Dataset section
┄┄┄┄┄┄┄┄┄┄┄┄┄┄┄┄┄┄┄┄
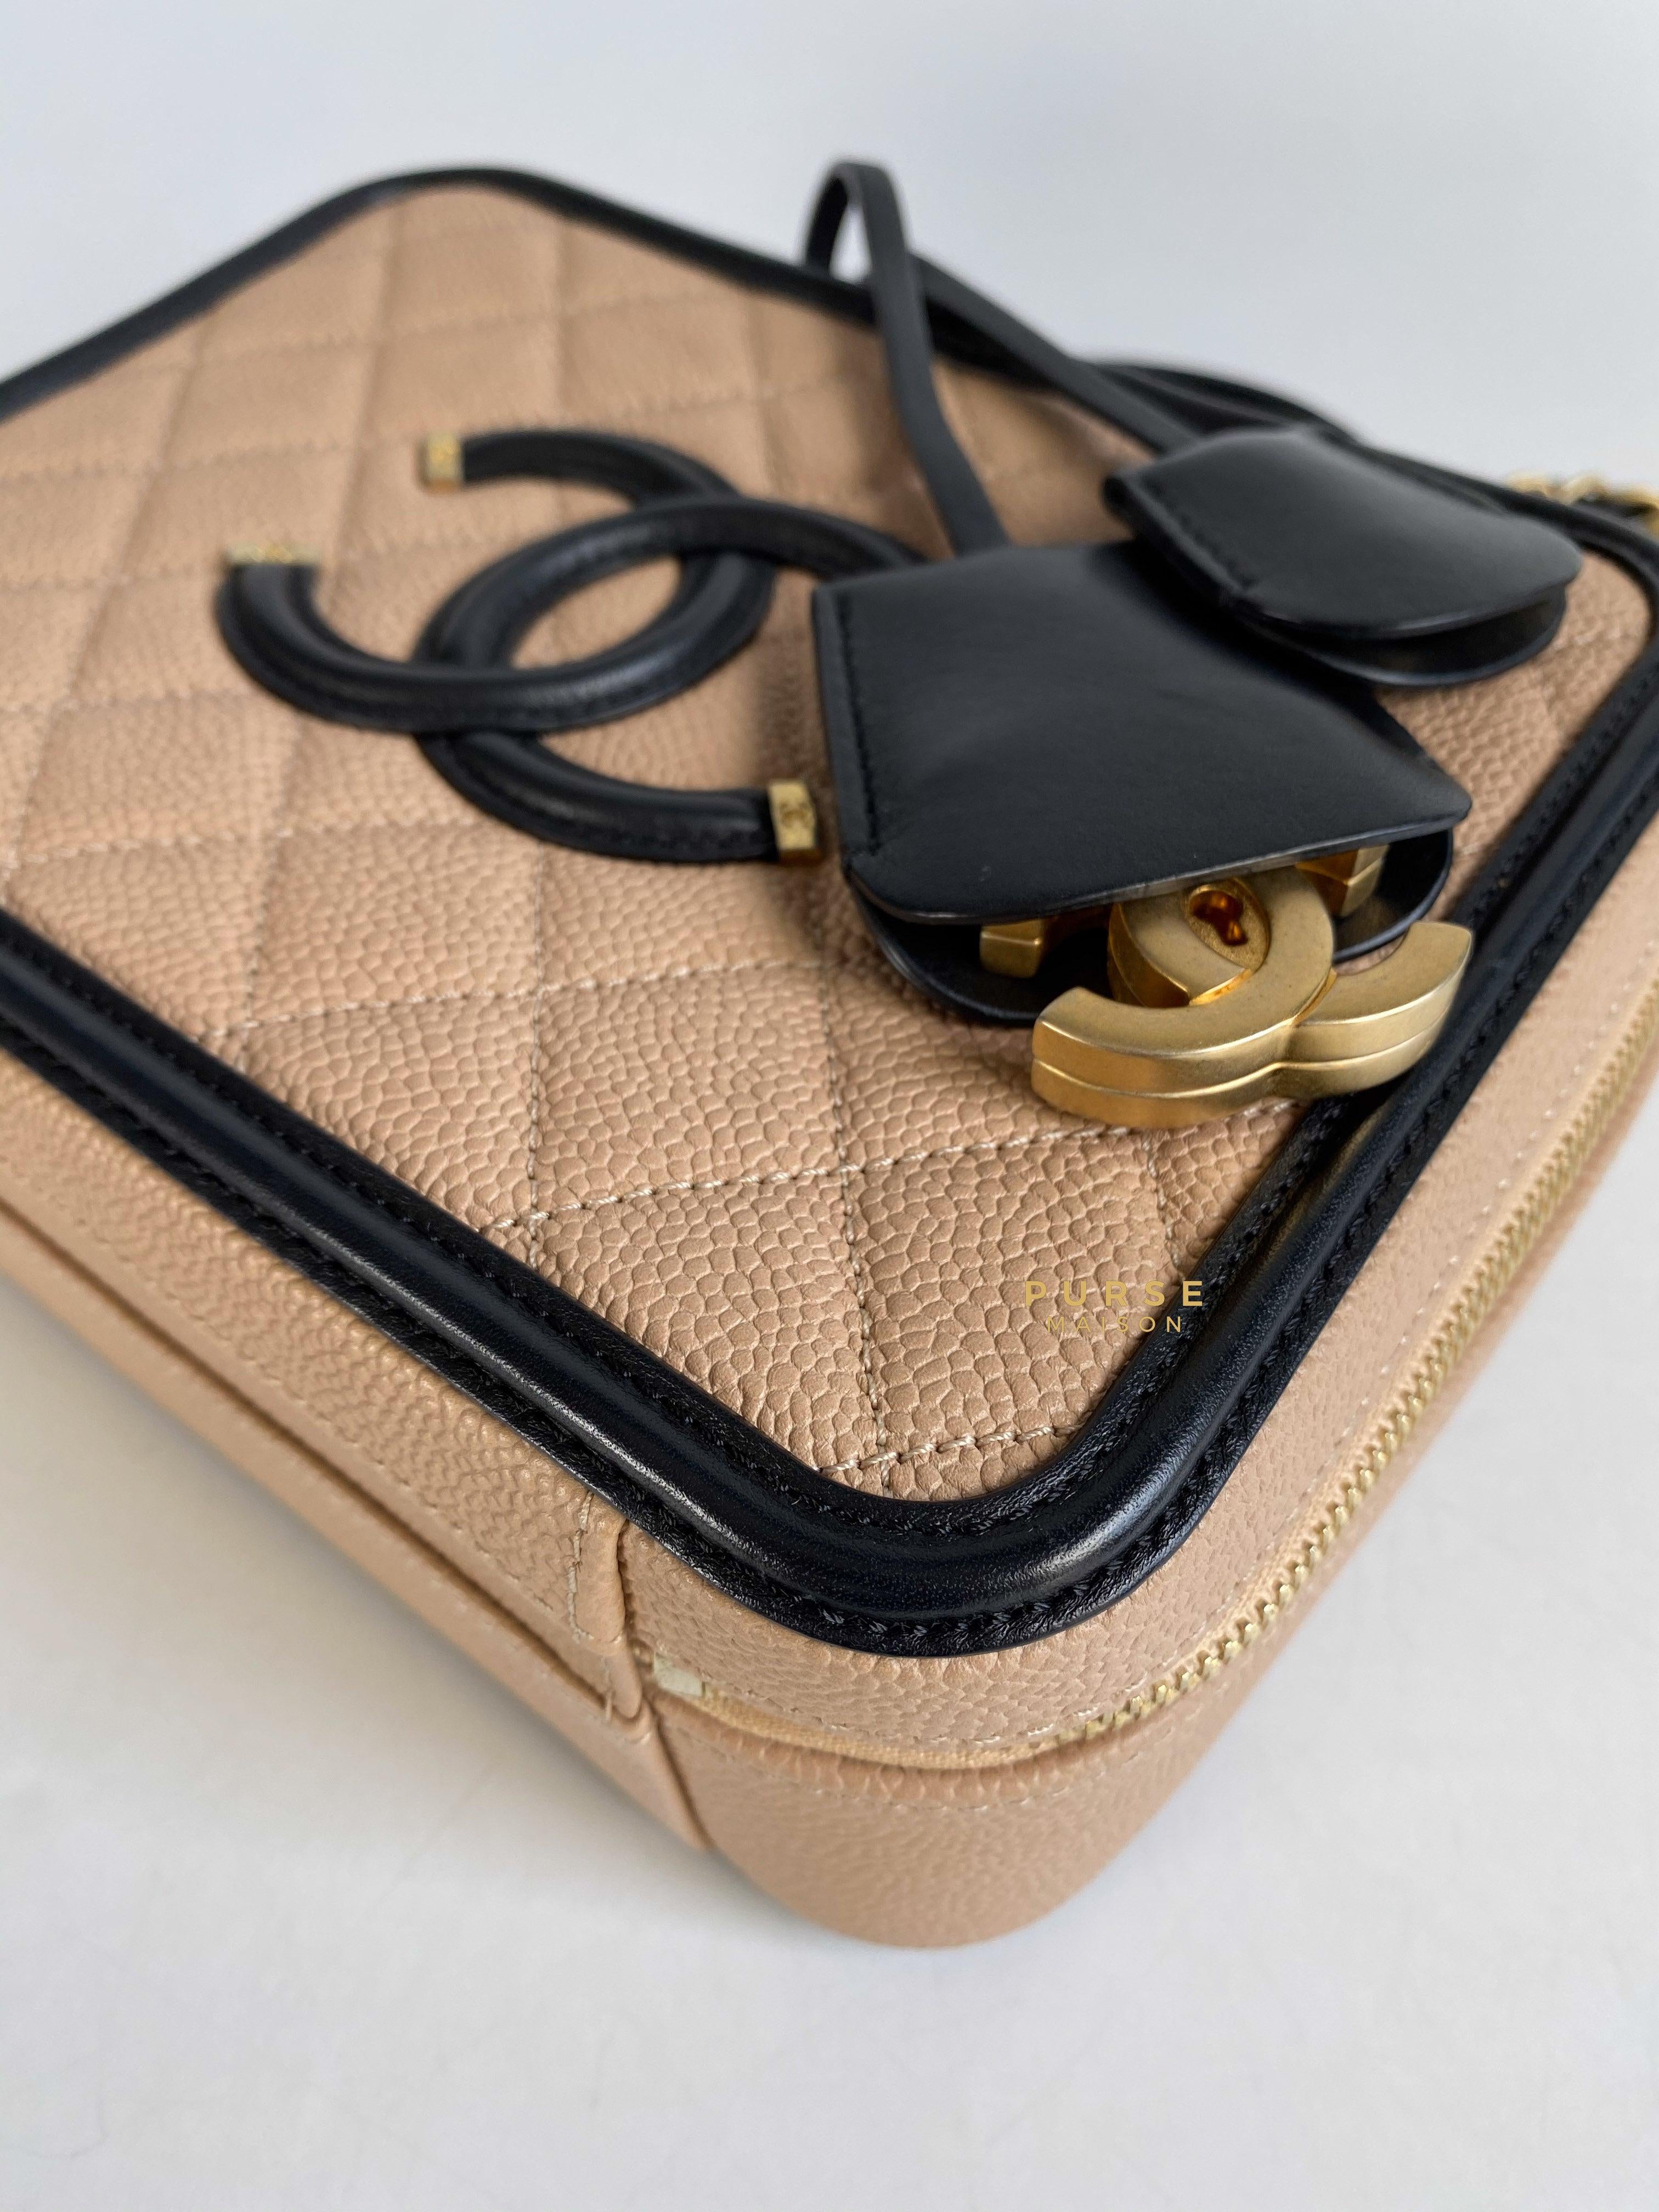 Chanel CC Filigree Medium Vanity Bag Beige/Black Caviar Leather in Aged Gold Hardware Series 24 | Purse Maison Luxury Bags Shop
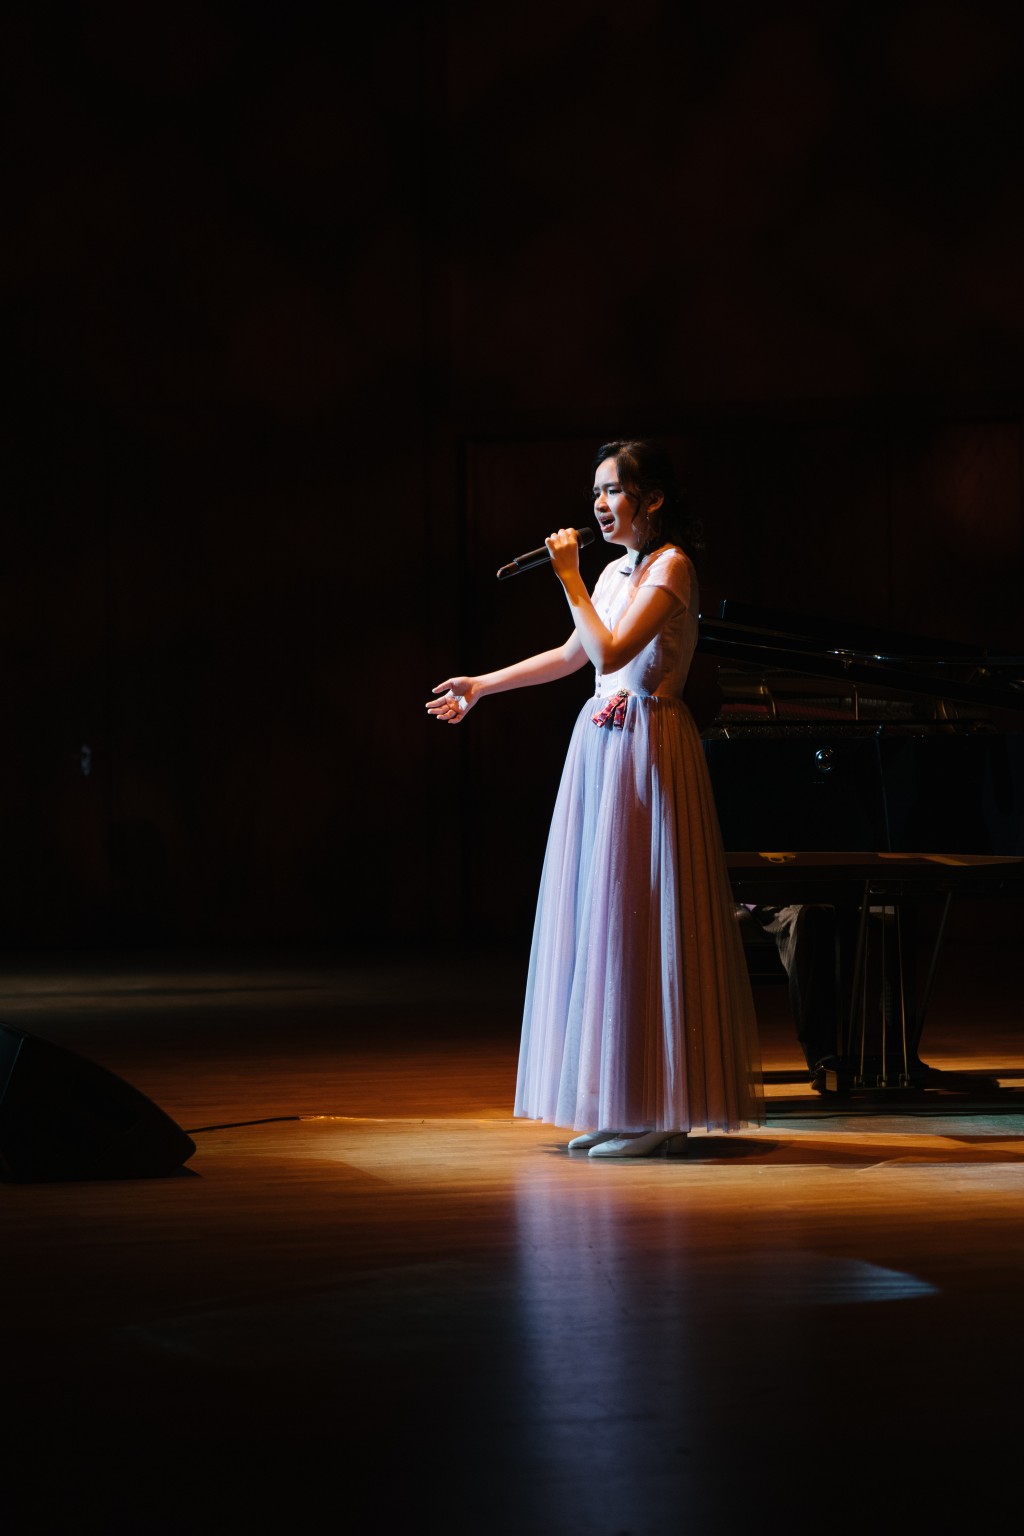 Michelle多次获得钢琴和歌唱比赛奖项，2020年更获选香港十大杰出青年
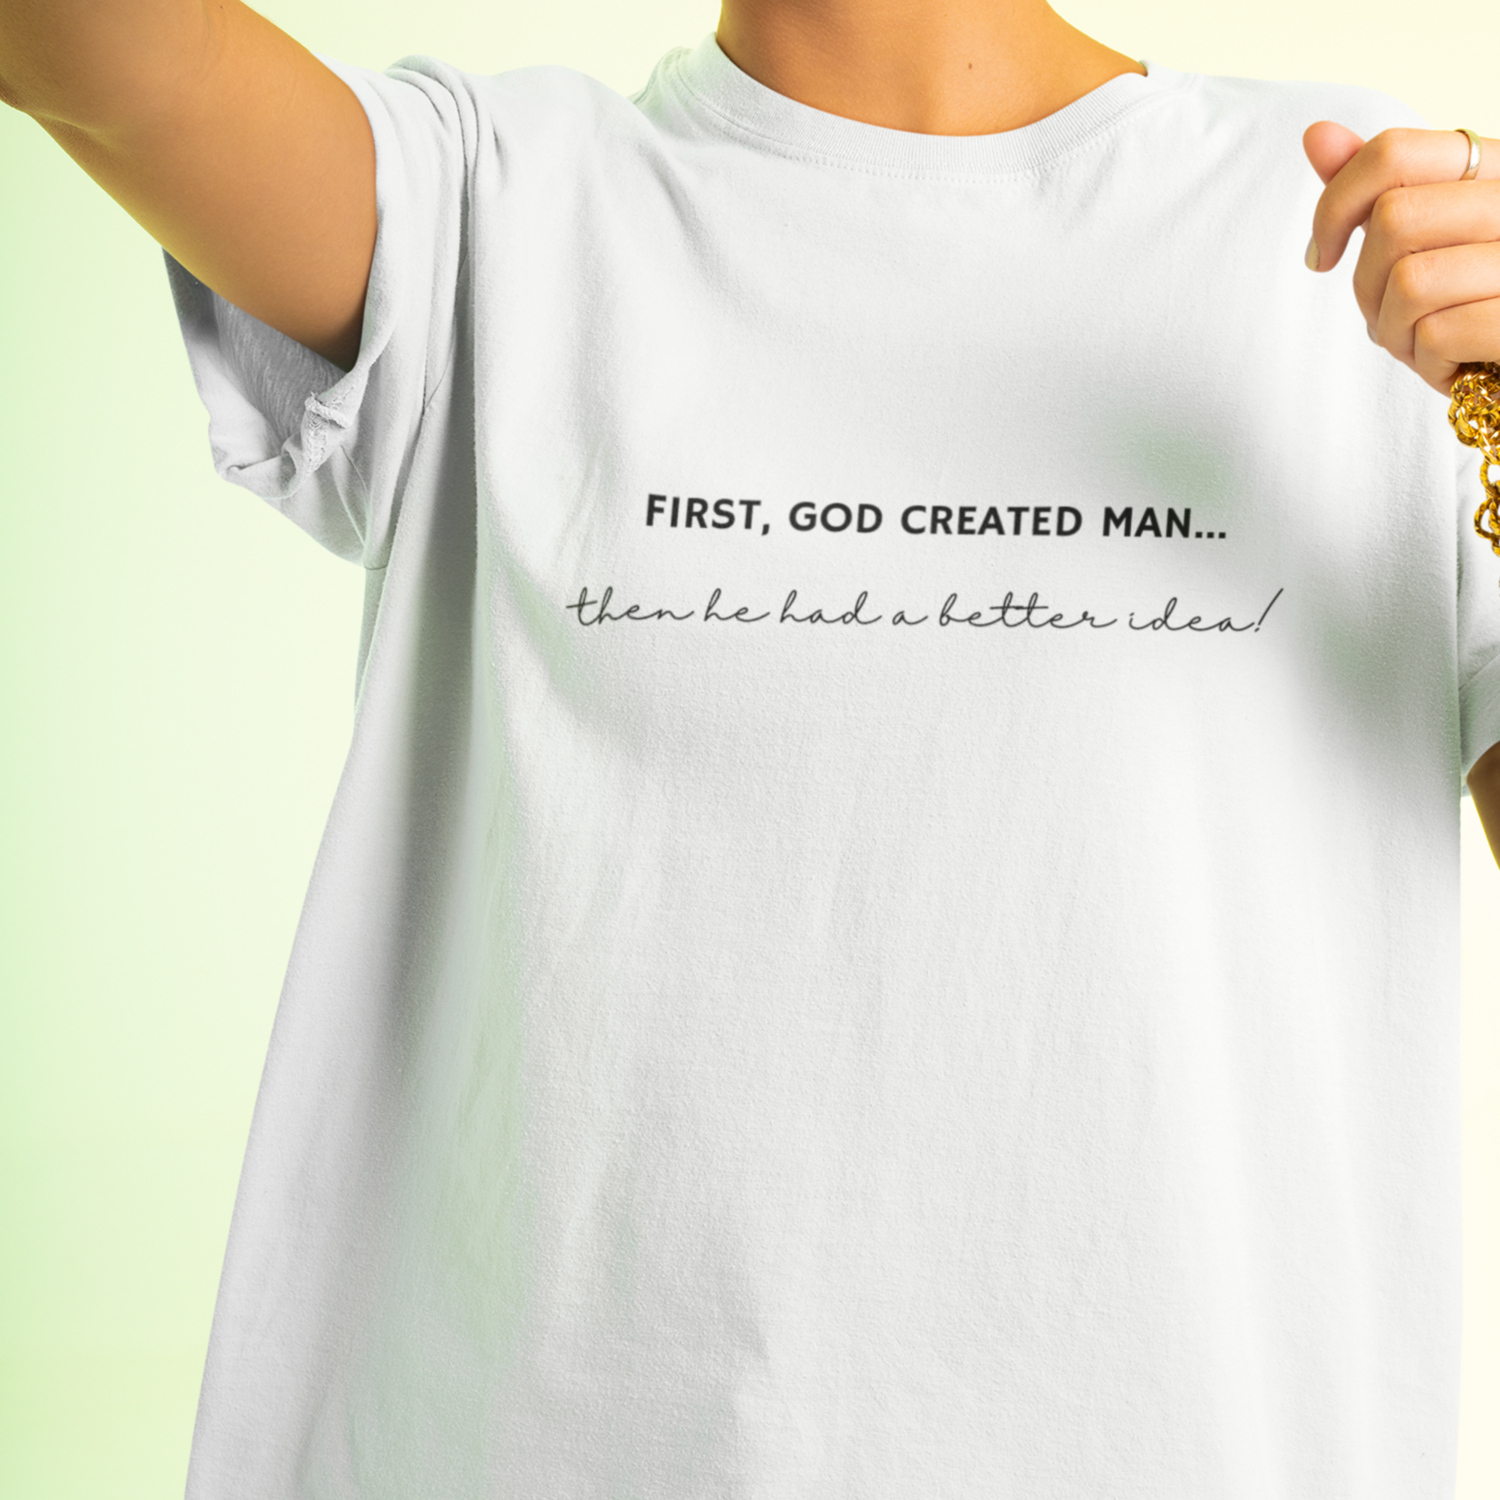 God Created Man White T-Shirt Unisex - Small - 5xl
┄┄┄┄┄┄┄┄┄┄┄┄┄┄┄┄┄┄┄┄
Requirement
Please repeat the listing precisely, excluding the pictures it contains.

Answer to this problem
 Chanel CC Filigree Medium Vanity Bag Beige/Black Caviar Leather in Aged Gold Hardware Series 24 | Purse Maison Luxury Bags Shop
 Michelle多次获得钢琴和歌唱比赛奖项，2020年更获选香港十大杰出青年
 God Created Man White T-Shirt Unisex - Small - 5xl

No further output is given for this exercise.